● BRIEF: Beginning with the line that holds "SWIX N19 Glide Wax For Skin Skis, USA" and ending with the last line below, repeat each line exactly, leaving any pictures out.

● DATA EXTRACT:
* * *

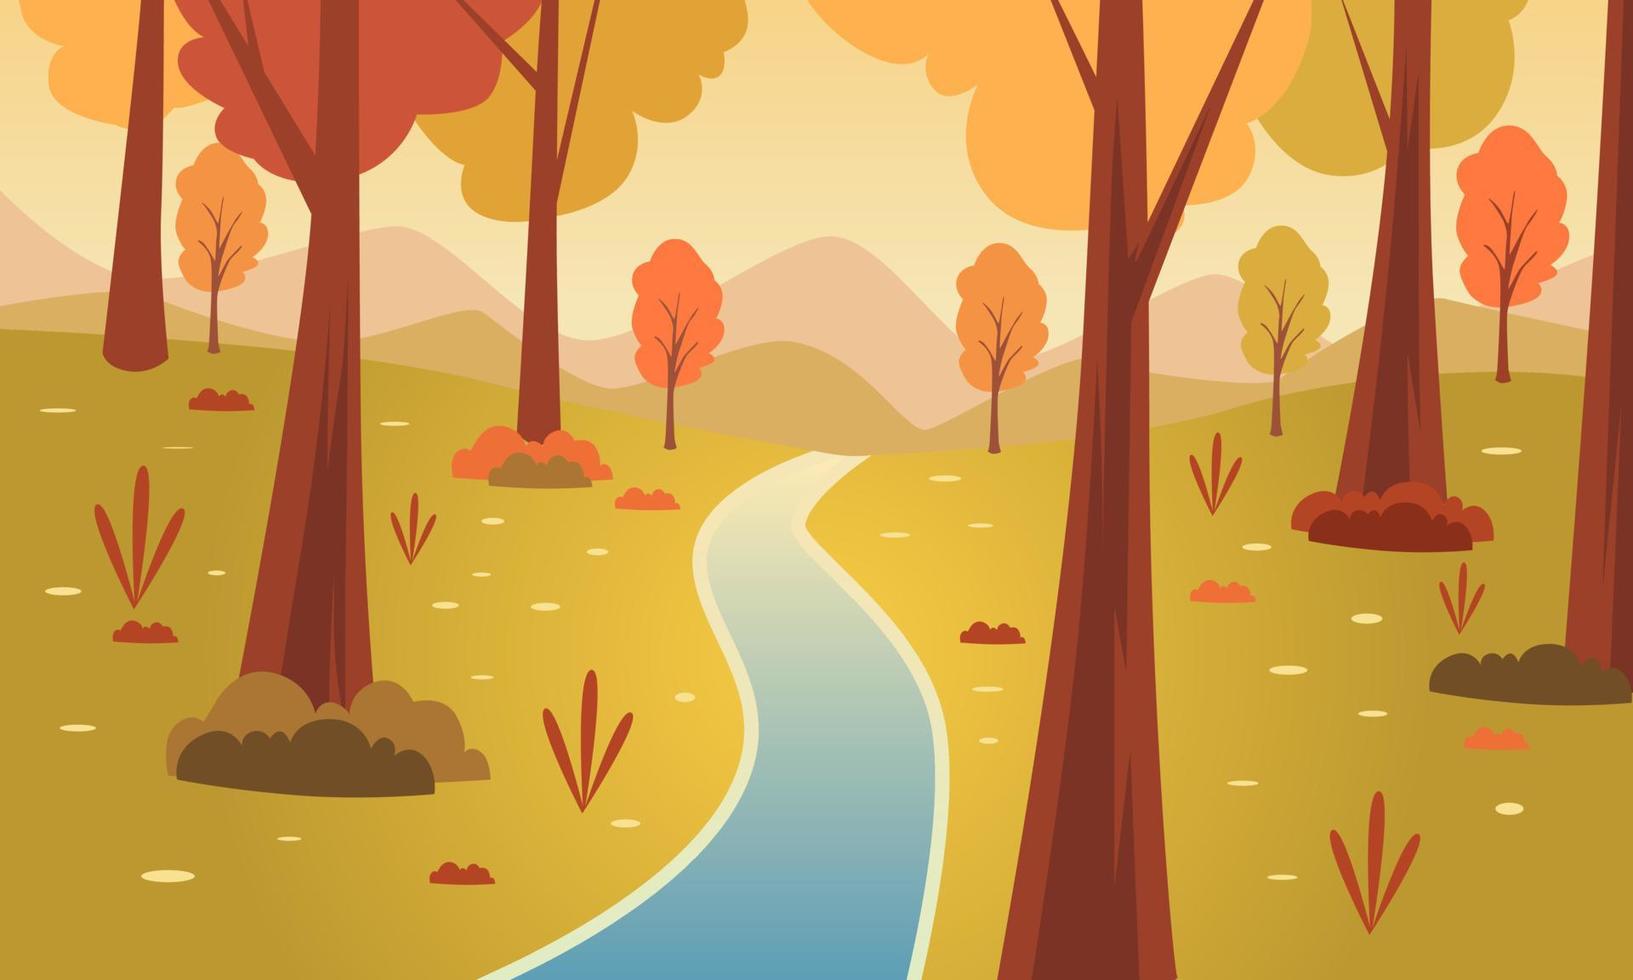 río de otoño en el bosque fondo de vector de ilustración panorámica. hojas cayendo con cielo naranja
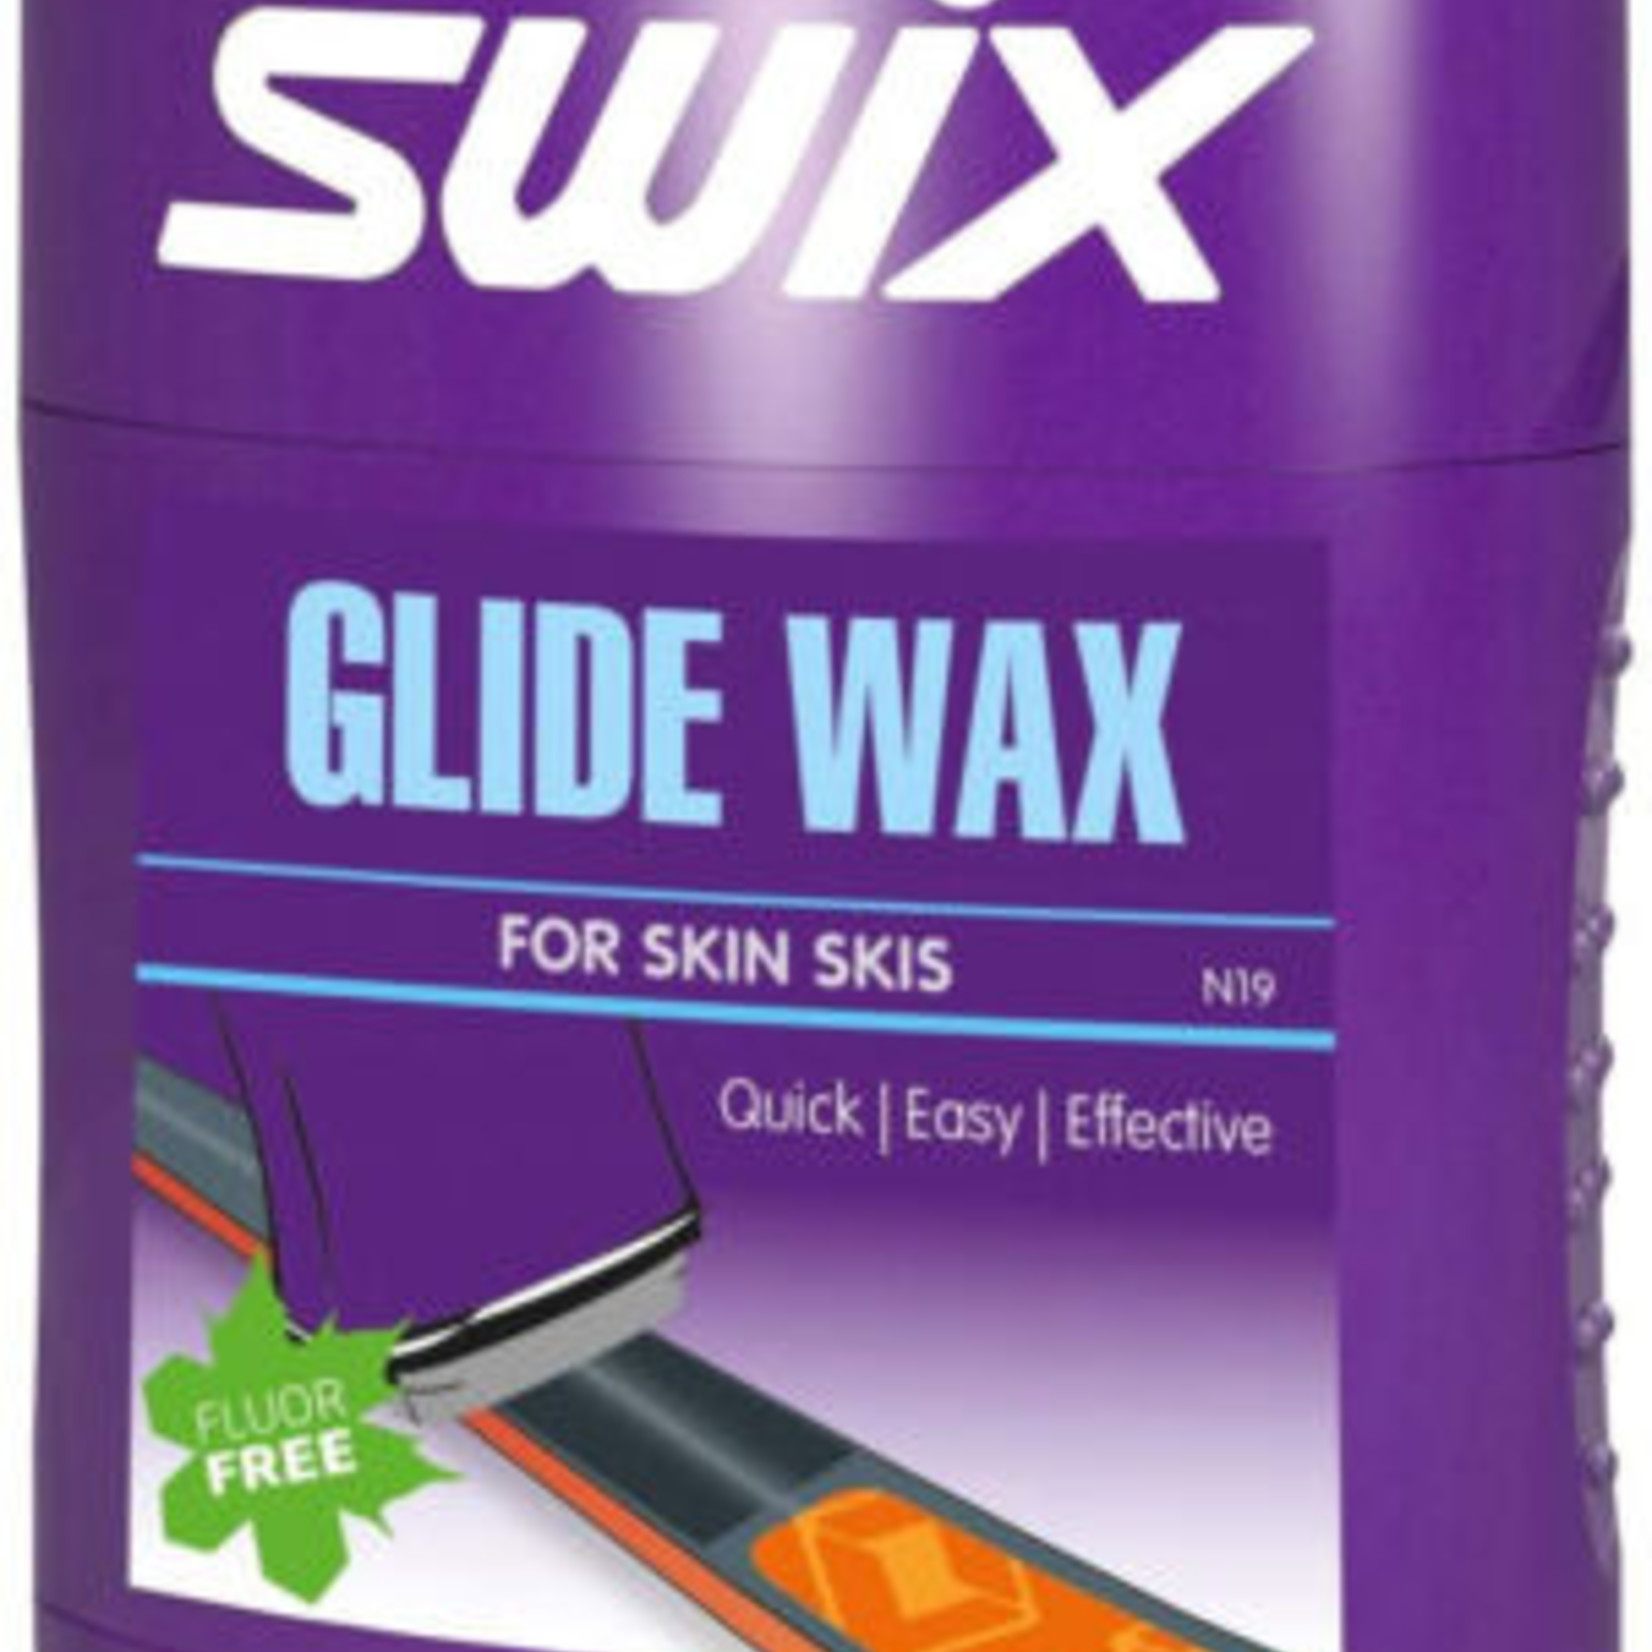 SWIX N19 Glide Wax For Skin Skis, USA
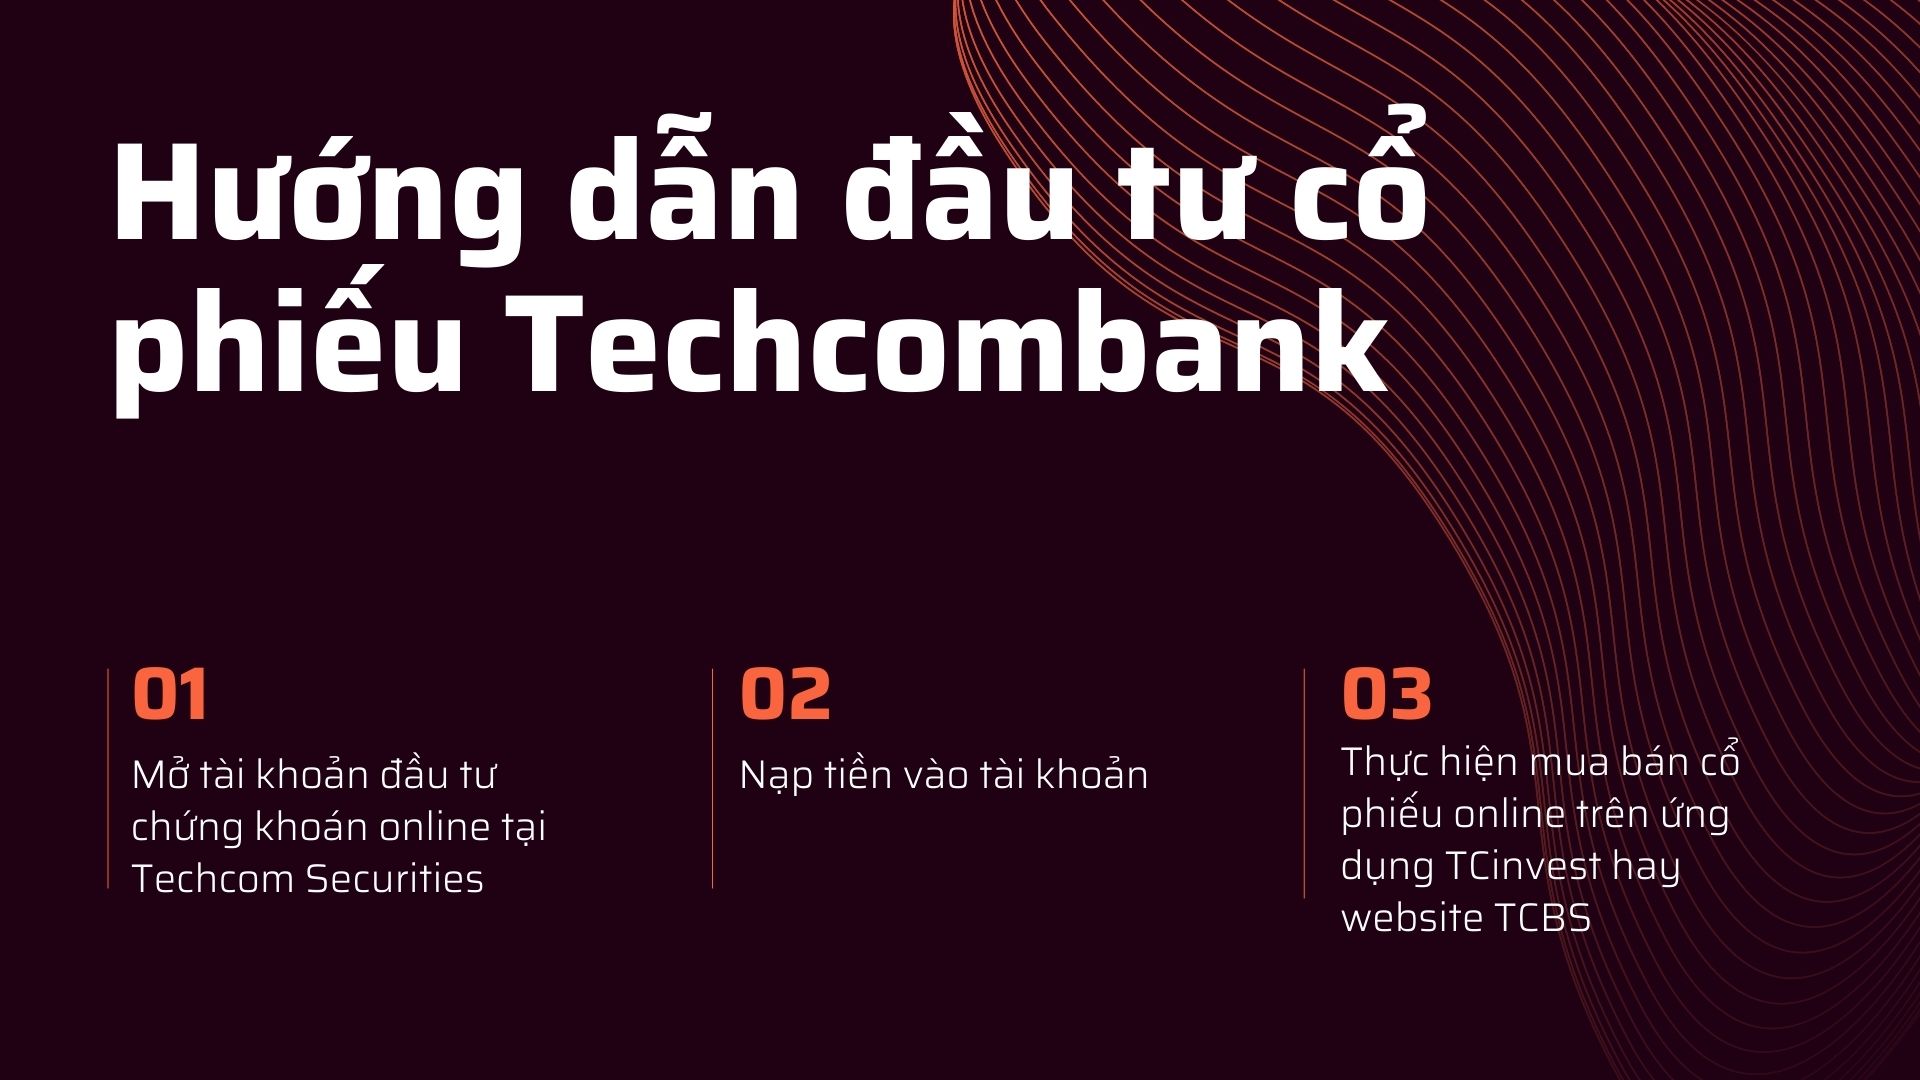 Hướng dẫn đầu tư cổ phiếu Techcombank

* * *

● EXERCISE OUTPUT:
 SWIX N19 Glide Wax For Skin Skis, USA
 Hướng dẫn đầu tư cổ phiếu Techcombank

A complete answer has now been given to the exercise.